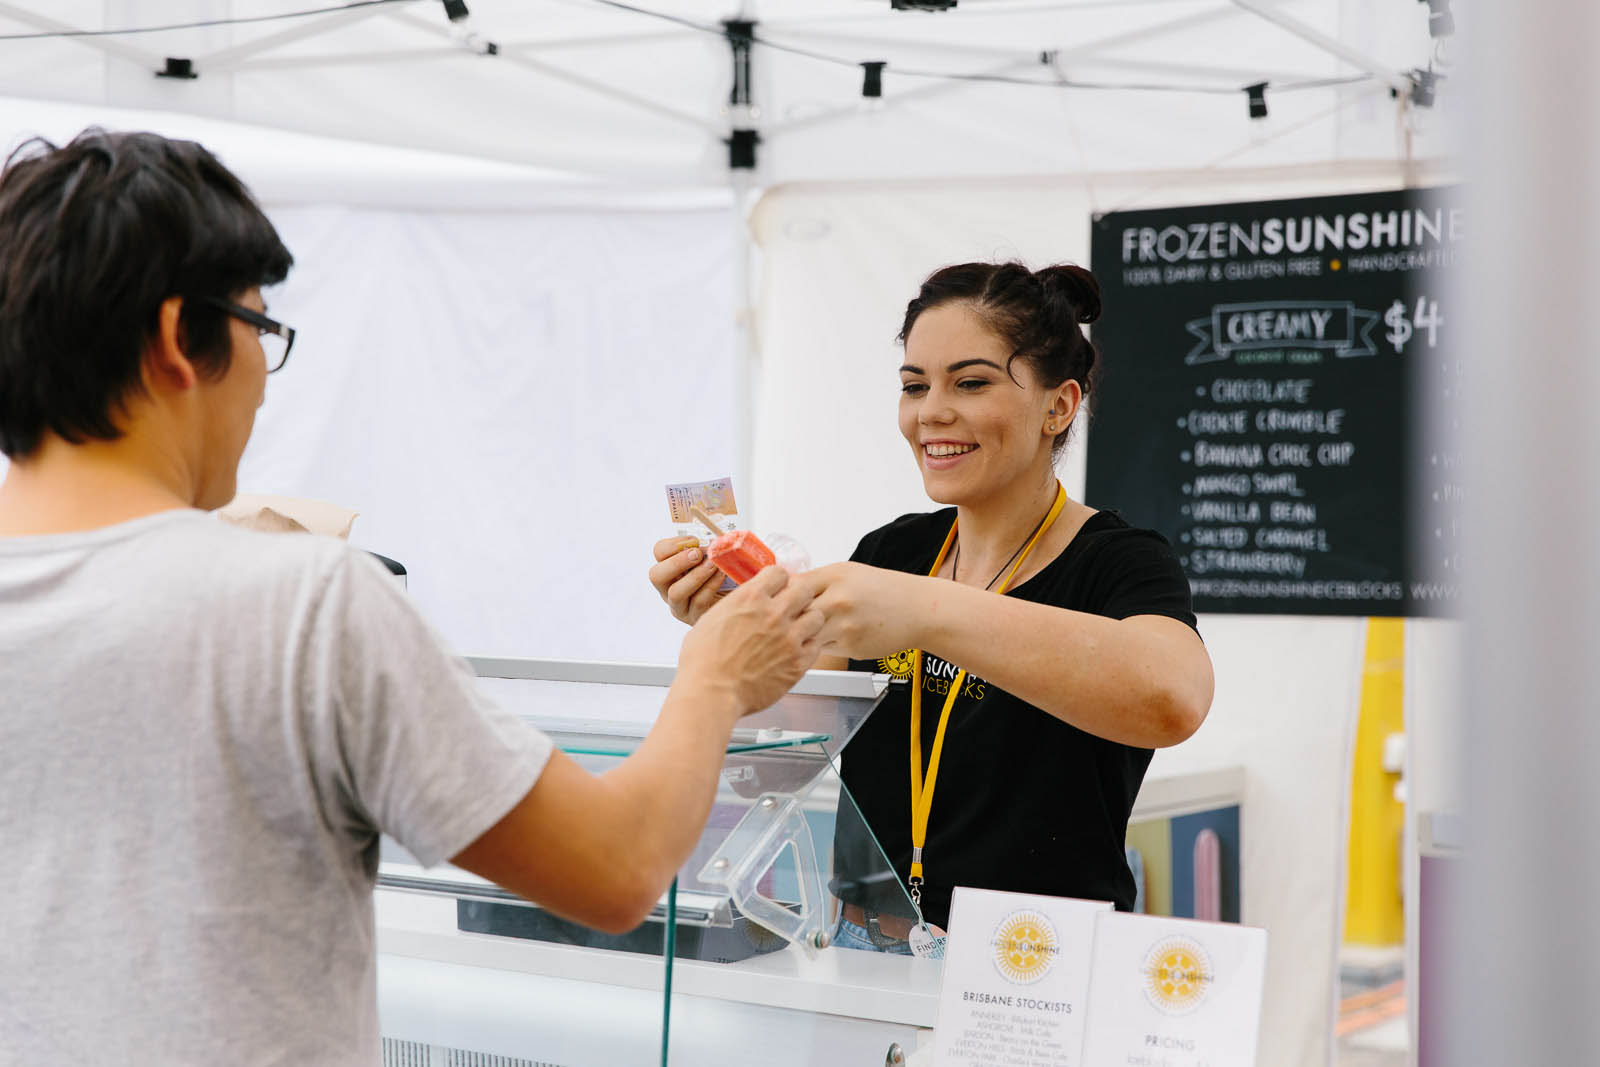 Transaction exchange between customer and stallholder at market
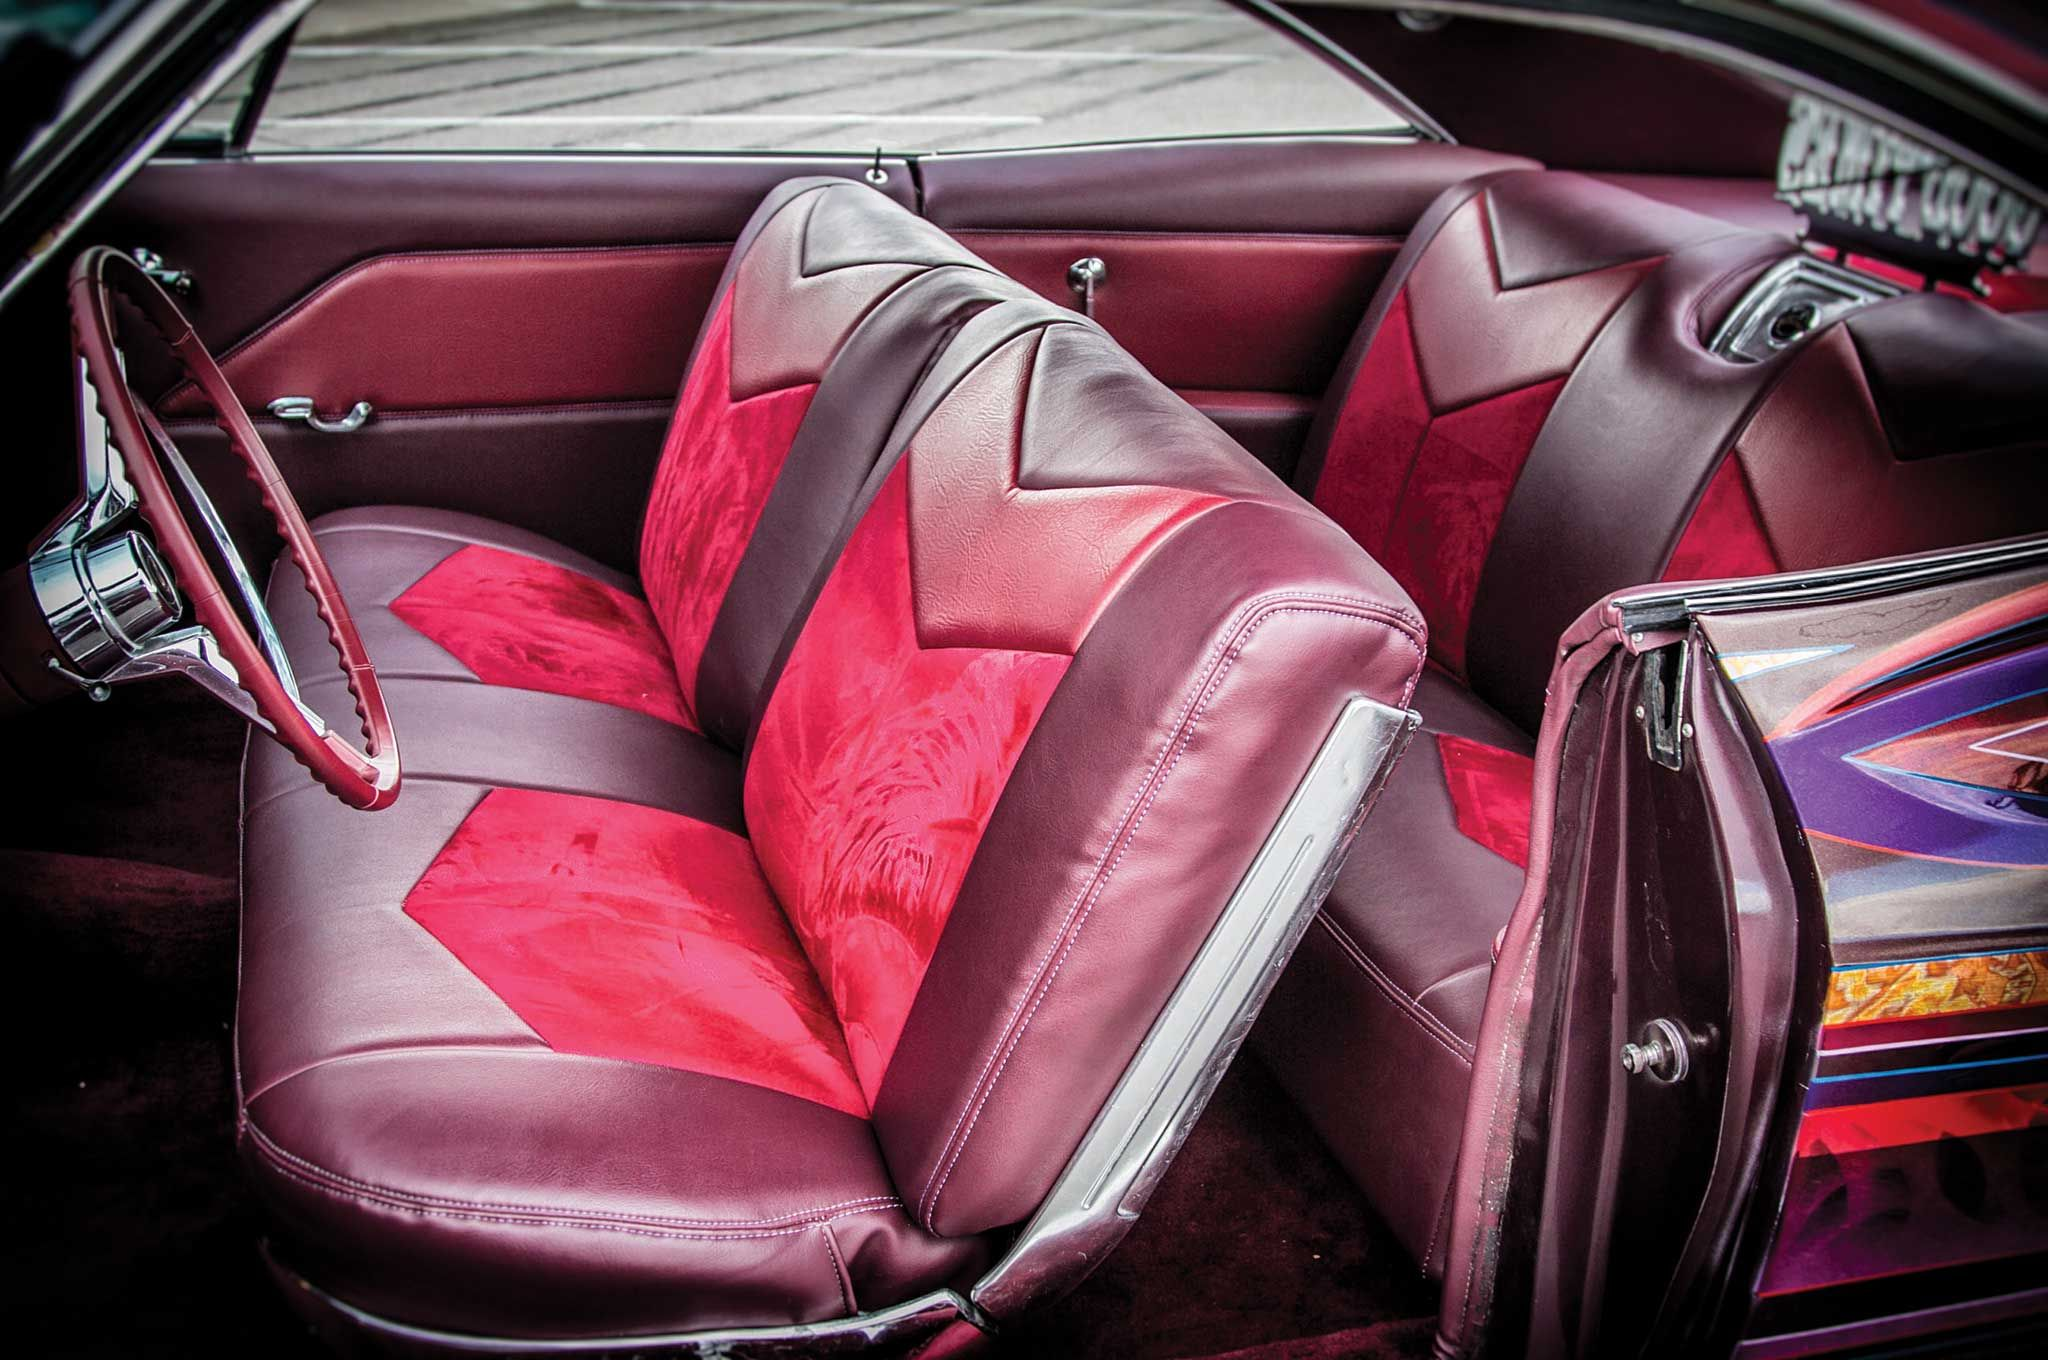 Stupendous 1966 Chevrolet Impala Custom Interior Impala Interior Theyellowbook Wood Chair Design Ideas Theyellowbookinfo
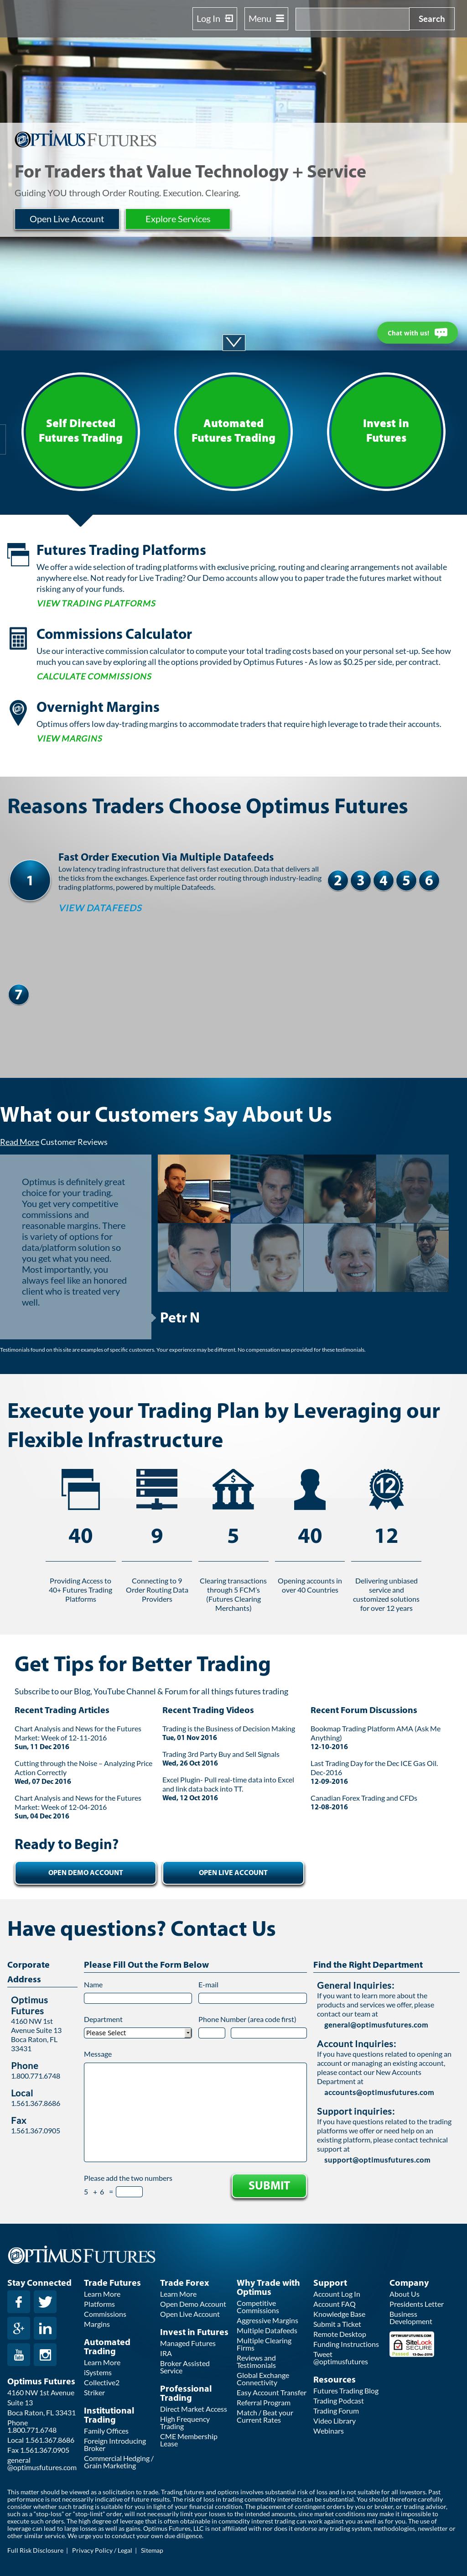 Owler Reports - Optimus Trading Group Blog Rithmic Trader
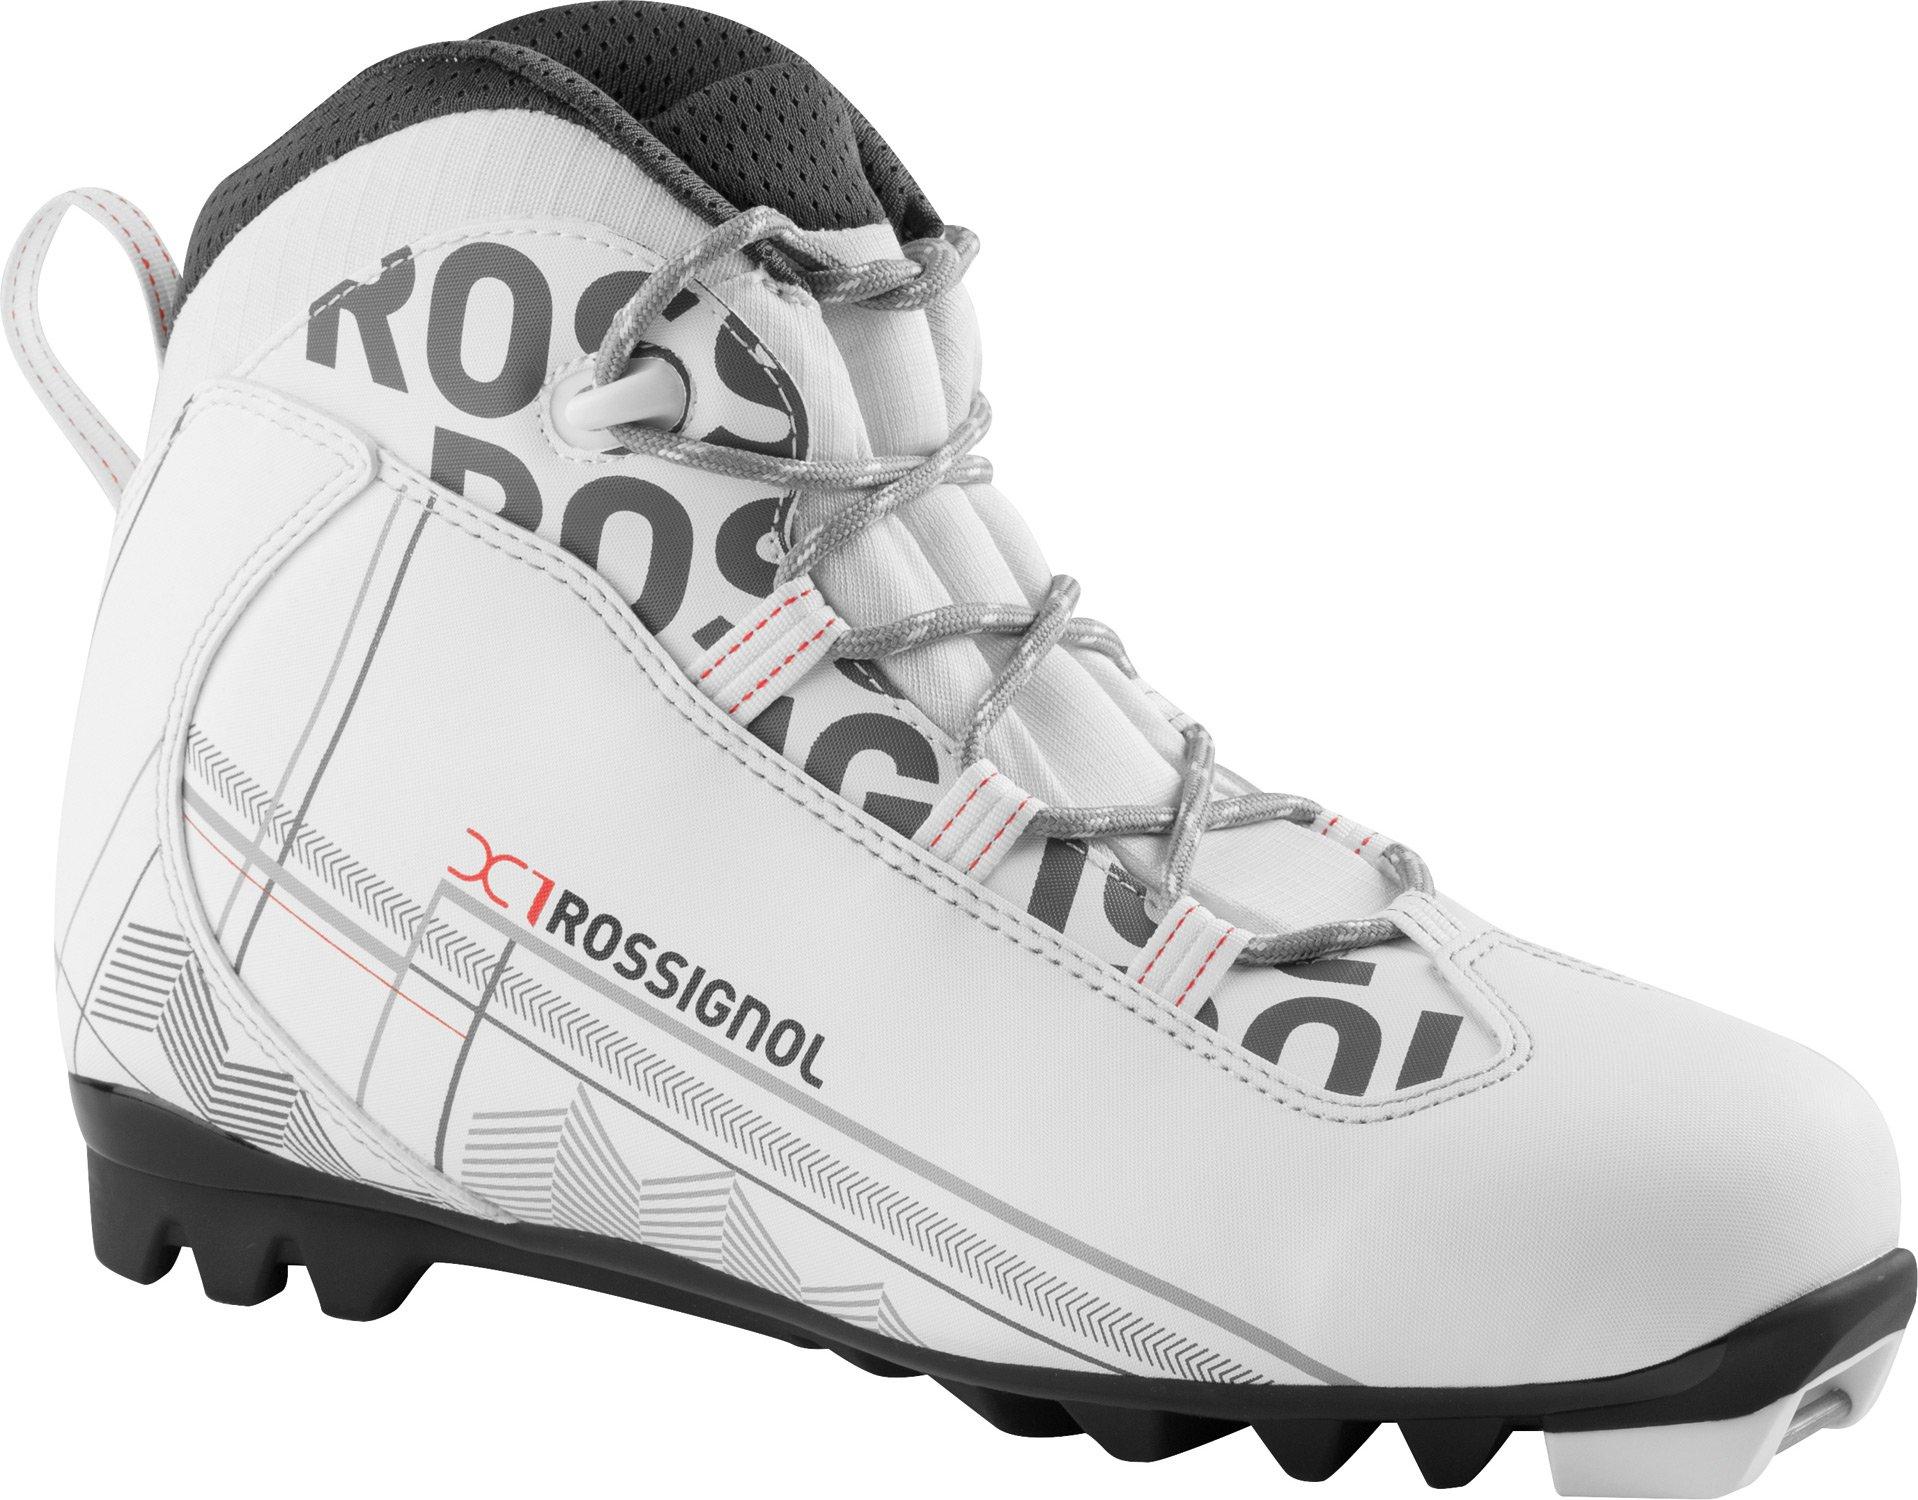 Rossignol X-1 FW XC Ski Boots Womens Sz 7.5 (39) by Rossignol

━━━━━━━━━━━━━━━━━━━━━━━━━━━━━━

▸ **Work to complete**
Exactly the lines from the line with "Stupendous 1966 Chevrolet" through the end of the data are to be reproduced, and no picture is to be included.

▸ **Written answer**
 Stupendous 1966 Chevrolet Impala Custom Interior Impala Interior Theyellowbook Wood Chair Design Ideas Theyellowbookinfo
 Owler Reports - Optimus Trading Group Blog Rithmic Trader
 Rossignol X-1 FW XC Ski Boots Womens Sz 7.5 (39) by Rossignol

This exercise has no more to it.